Osprey on the Mend

 Osprey on the Mend

By Katie McFadden

Daniella Bartels was in the right place at the right time, and thanks to her and other good Samaritans, a local injured osprey is on the mend.

Bartels was driving home to Howard Beach after visiting her dad in Rockaway, when she saw a car pulled over and some people handling an osprey on the side of Cross Bay Boulevard on Monday night, July 31. As someone who has been involved in some animal rescue from chickens to doves, sparrows to turtles, and even squirrels as a former NYC Parks Department employee, the sight piqued her interest, and she made a U-turn to stop at the scene. “They thought he had a broken wing. They wanted to help but none of them knew where to take it,” Bartels said. Luckily, Bartels did know. One of the people that tried to help the osprey brought Bartels a box and she pulled a towel from her car and got to work. “I was able to pick him up, but he wasn’t happy about that. He wanted my fingers,” she said. But she took that as a good thing. “It was a sign that he was healthy enough to do that,” Bartels said.

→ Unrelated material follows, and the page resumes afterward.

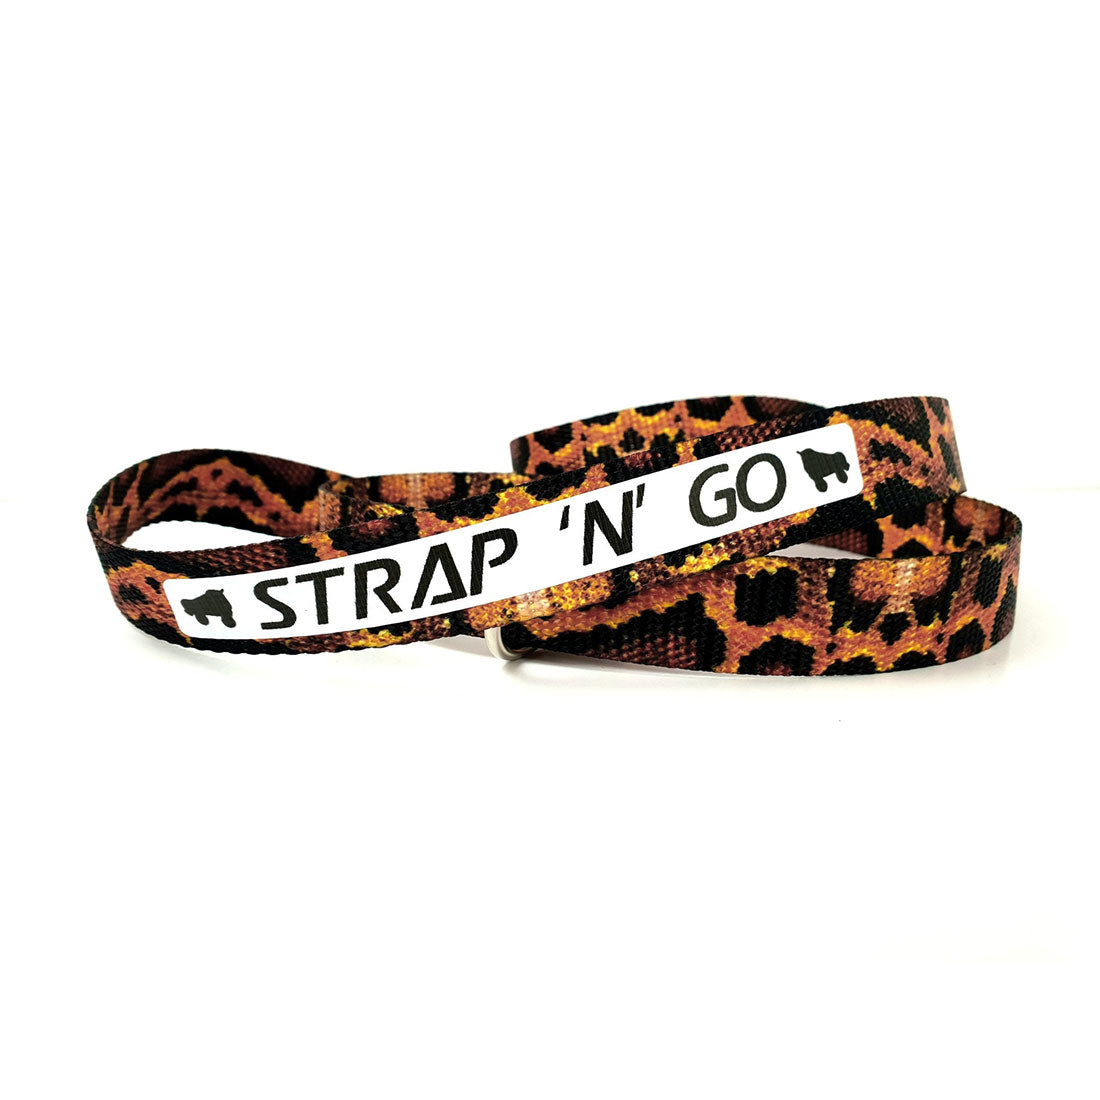 Strap N Go Skate Noose/Leash - Patterns Boa Roller Skate Accessories

Bartels believes the bird is a juvenile that fell out of the nest above Cross Bay Blvd., not too far from the Jamaica Bay Wildlife Refuge, as it was found directly across the street from the nest. “I think he’s still a baby. He’s not super small but not quite flying on his own. Ospreys can get pretty big. They have a six-foot wingspan, and he was too small to be an adult,” she said. “I don’t think he was hit by a car, but he was bleeding from his nose, so I think maybe he fell.”

Bartels happens to work for GallopNYC, a nonprofit therapeutic horse-riding program, based out of a nearby barn on Linden Boulevard in Howard Beach. Since it was nighttime, she decided to bring the injured bird to the barn for the night until the Wild Bird Fund on Columbus Avenue in Manhattan, which nurses injured birds back to health, would re-open in the morning. She left the osprey in the barn with some water and the towel to prop himself up on until she returned in the morning to take him to the Wild Bird Fund as soon as they opened on Tuesday morning. The osprey was still full of life as she transported him on August 1. “On the way to the city, he was biting at the box to get out,” she said.

Bartels filled out an intake form and the Wild Bird Fund will keep her posted on the condition of the osprey. “It will depend on what’s wrong, but they’ll probably release him after being treated,” she said.  On Tuesday night, the WBF said the osprey, which they’re calling Helios, was not as injured as they feared. He was found to have a small mandible fracture and weakness in his right wing and leg, which they hope will improve. In the meantime, Bartels was happy to be in the right place at the right time to help. “I’m glad I got to experience that and help him. I always see the ospreys ever since they reintroduced them after Hurricane Sandy, but I never got to see one that close,” she said. “It was a good experience.”